# [RECORDS FOR THE TASK]

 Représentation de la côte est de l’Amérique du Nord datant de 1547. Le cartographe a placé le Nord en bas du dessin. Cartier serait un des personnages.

--

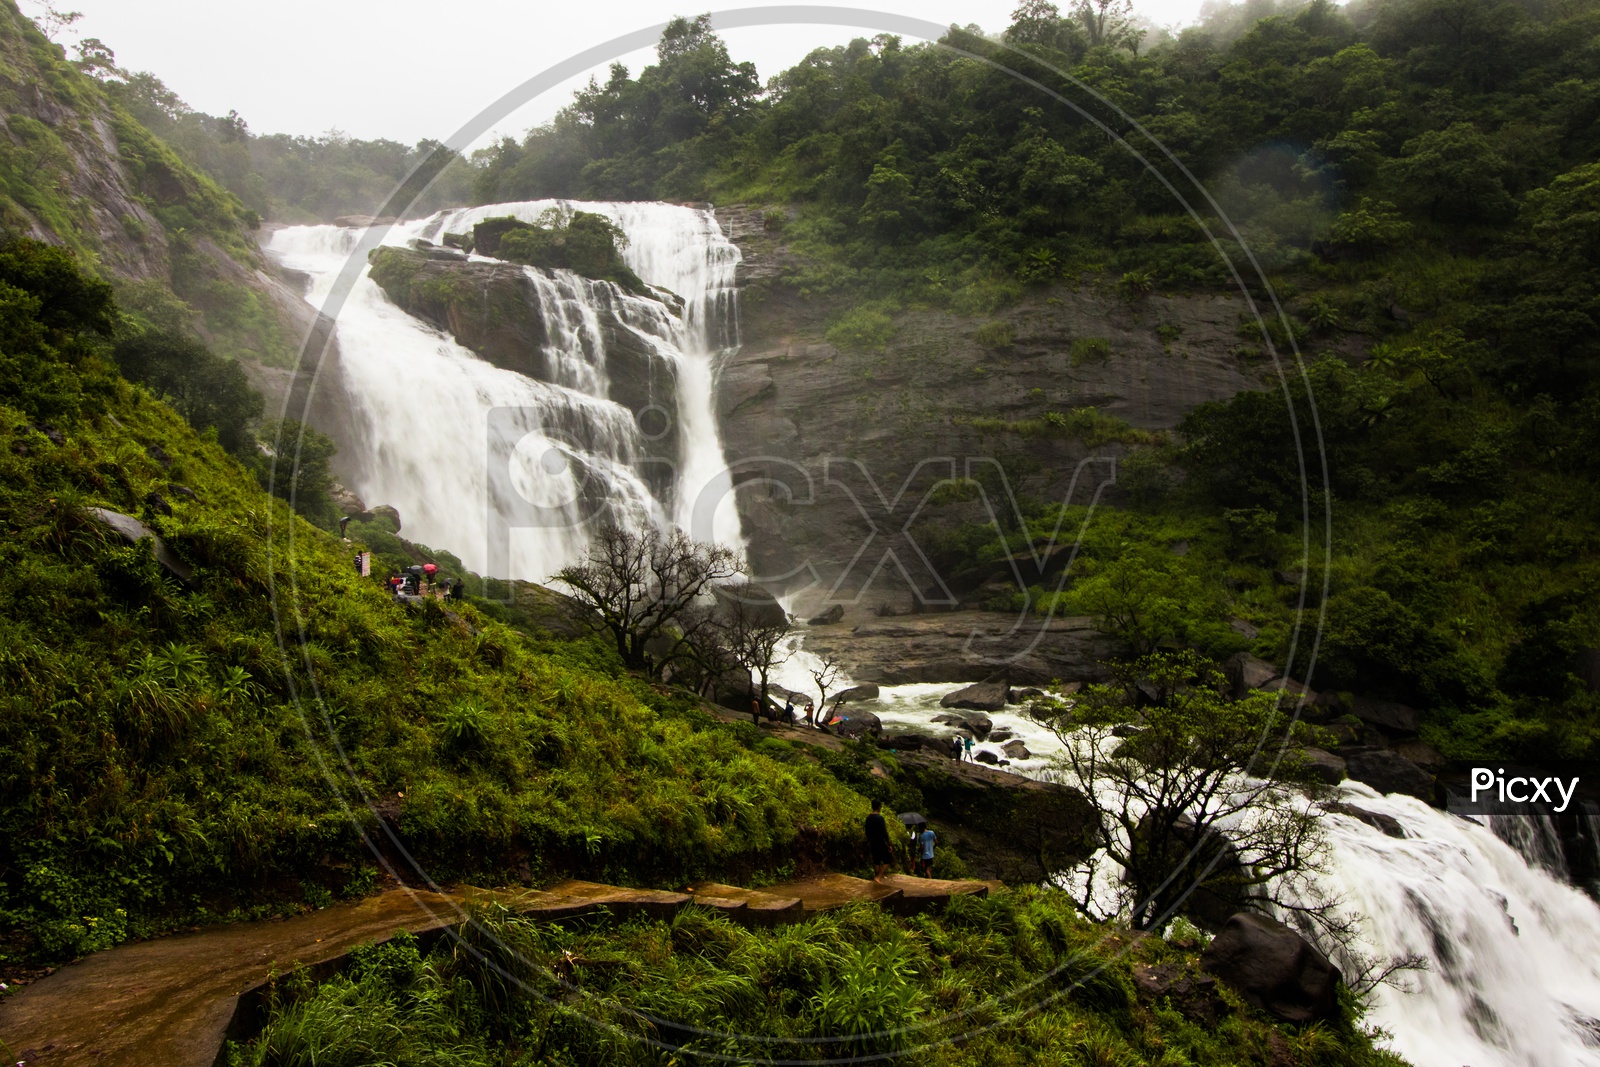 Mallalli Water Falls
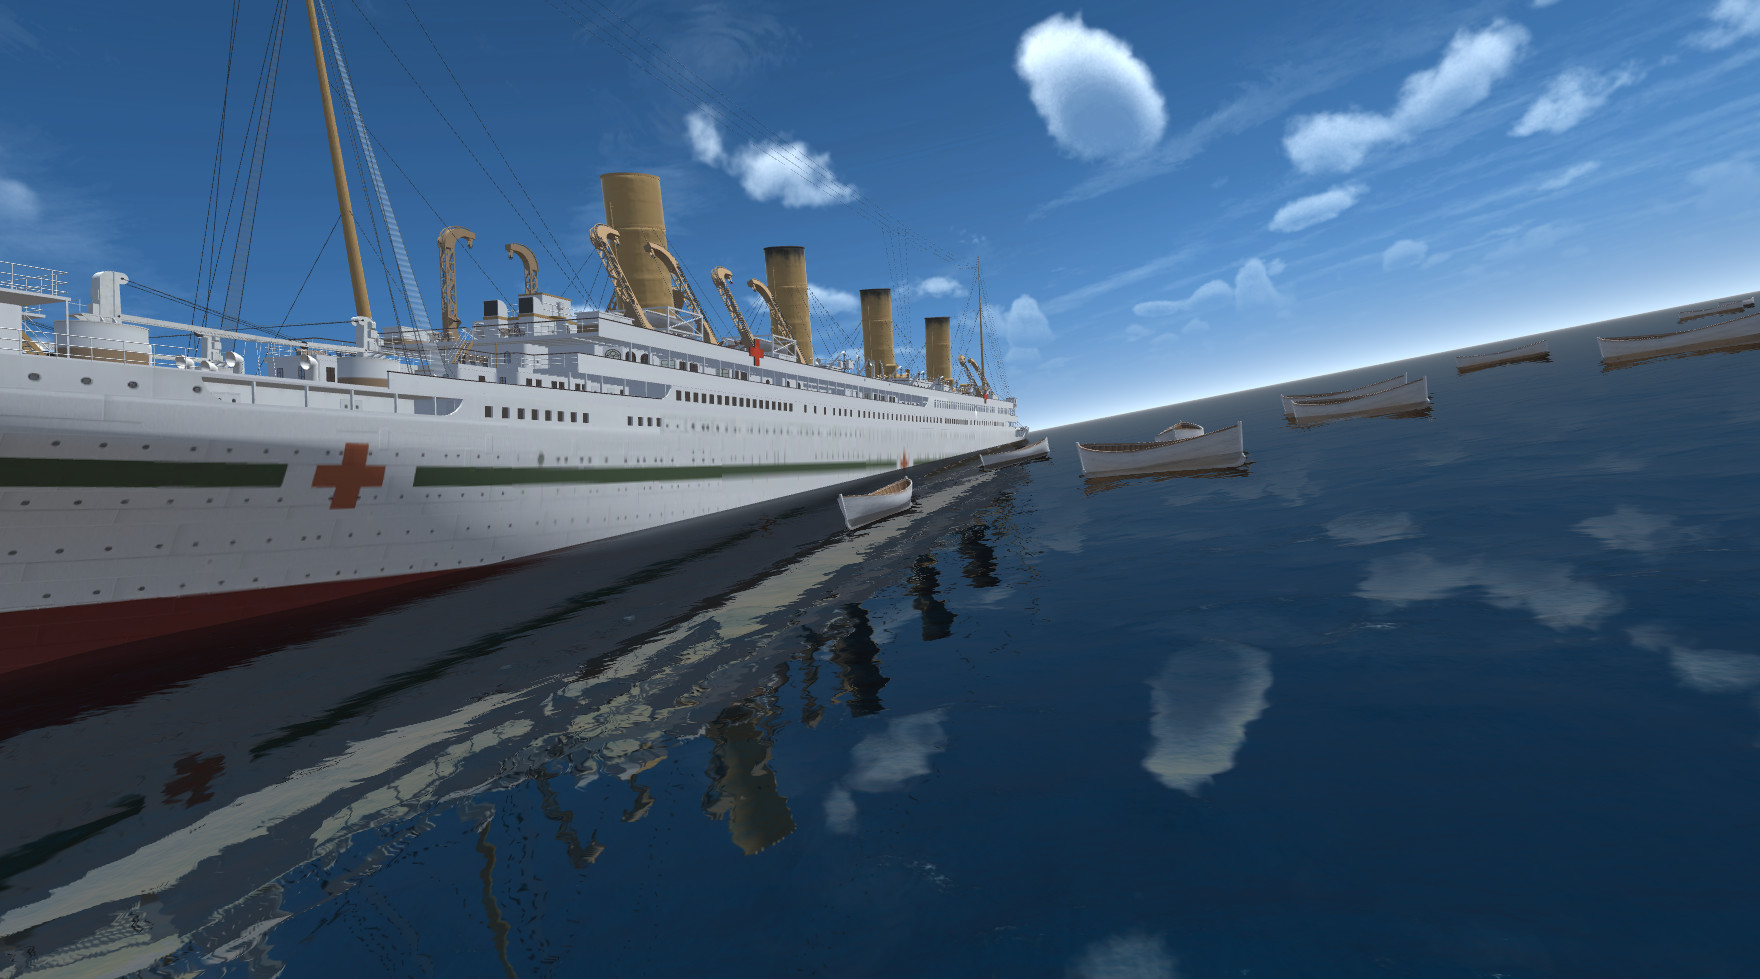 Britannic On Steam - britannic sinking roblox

==

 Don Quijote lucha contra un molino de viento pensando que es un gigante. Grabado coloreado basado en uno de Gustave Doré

# [WHAT TO PRODUCE]
Among the records above, locate the line containing "Mallalli Water Falls" and the line containing "Britannic On Steam", then transcribe exactly the lines starting at the first and ending at the second, with no pictures.

# [SOLUTION FOR THIS PROBLEM]
 Mallalli Water Falls
 Britannic On Steam - britannic sinking roblox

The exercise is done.